The education secretary of this U.S. Caribbbean territory presides over a centralized system with more than 600,000 students at 1,500 schools - more than New York City's government, which oversees 1,200 schools.

Prosecutors say Fajardo - education secretary from 1994 to 2000 - and his deputy, Jose Omar Cruz Mercado, began by asking government contractors for money for the New Progressive Party in 1995.

Fajardo and his subordinates allegedly extorted about $4.3 million from contractors doing business with his agency, and some dlrs 1 million ended up in the coffers of the party, which at the time launched a massive, unsuccessful drive to make Puerto Rico the 51st state of the union.

Authorities say Fajardo also kept large amounts for himself. They found $390,000 in Fajardo's house, and said he also had a safe installed in his office to hold extorted funds.

Another arrested in the case, Richard D'Costa, quit his post as president of Puerto Rico's Chamber of Commerce on Thursday.

D'Costa and his wife, Victoria Vargas, allegedly participated in the scheme through Universal Career Counseling Center and World Learning Systems, two companies they owned.

In late 2000, they delivered $10,000 in cash to Fajardo's sister-in-law, Maria Ramos Matos, to give to Fajardo, prosecutors said. Ramos also faces charges.

Between March 1999 and December 2000, Fajardo awarded more than $1.8 million in contracts to Universal Career and more than $1 million in contracts to World Learning, prosecutors said.

D'Costa, who was free on $150,000 bail, has not returned calls seeking comment.

Fajardo and other defendants face charges including theft from programs funded by federal money, interference with commerce by extortion, conspiracy to interfere with commerce by extortion, and conspiracy to launder money.

If convicted, they could receive prison sentences of 10 to 20 years.

But lawyer Carlo said that because Fajardo is cooperating, his sentence could be shortened to 5 or 7 years.
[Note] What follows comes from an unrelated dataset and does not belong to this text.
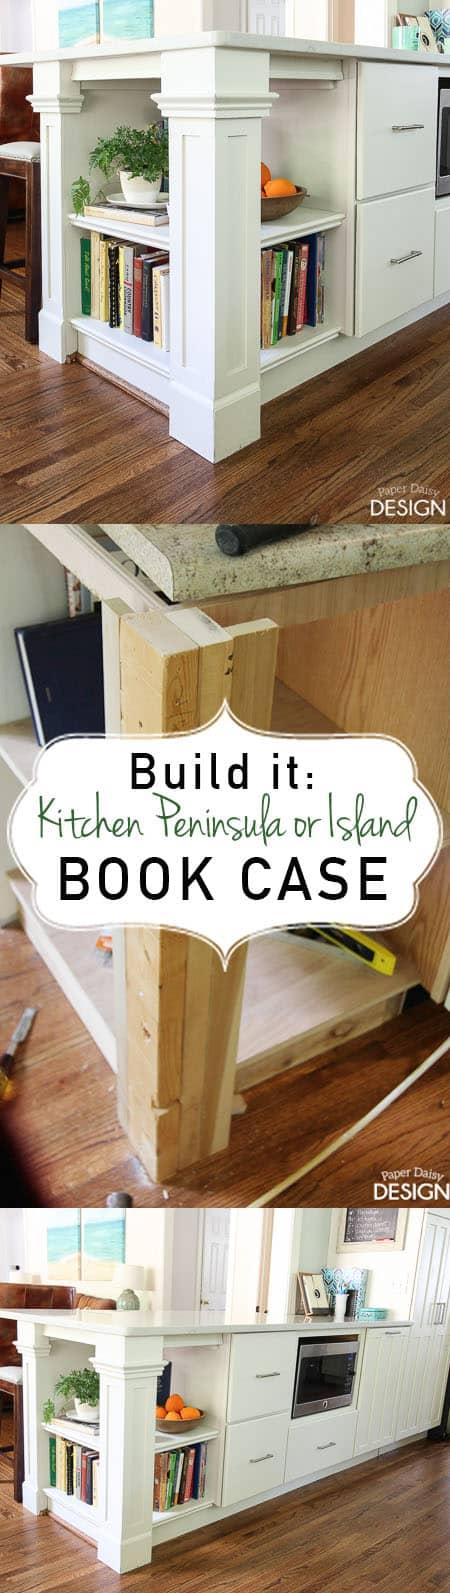 Builditbookcase

Fajardo's next hearing has not yet been scheduled.

Government contractors Jesus Emilio Rivera Class, who turned himself in in Orlando, Florida, and Norman T. Olson Jr., who turned himself in in Chicago, will appear in court in Puerto Rico on Monday, FBI spokesman Eric Rivera said.

Fajardo awarded $44.7 million in contracts to Rivera Class' Quality Educational Services company between 1996 and 2000, and Rivera Class gave Fajardo a home in the San Juan suburb of Guaynabo in June 2000, prosecutors said. It has been valued at $600,000.

Gov. Sila Calderon, who supports Puerto Rico's current commonwealth status , has condemned corruption under the administration of former Gov. Pedro Rossello and has pledged campaign finance reform.

Other prominent figures from Rossello's New Progressive Party charged in recent corruption cases include Rep. Edison Misla Aldarondo, former House president, and Angel Luis Ocasio Ramos, Rossello's deputy chief of staff. Both maintain they are innocent.

In Rossello's last year in office, high-ranking administrators were convicted of stealing $2.2 million meant for AIDS patients, and funneling some of it to the party. Rossello was not linked to any wrongdoing.

The party's new president, Carlos Pesquera, said this week that corruption was "a cancer" that would not be tolerated.

Another federal indictment handed down Friday brought new extortion charges against the first elected official from Calderon's Popular Democratic Party to be accused of corruption. Juan Laureano Cruzado was arrested in October for alleged money laundering, extortion and embezzlement, and lost his position as mayor of Vega Alta.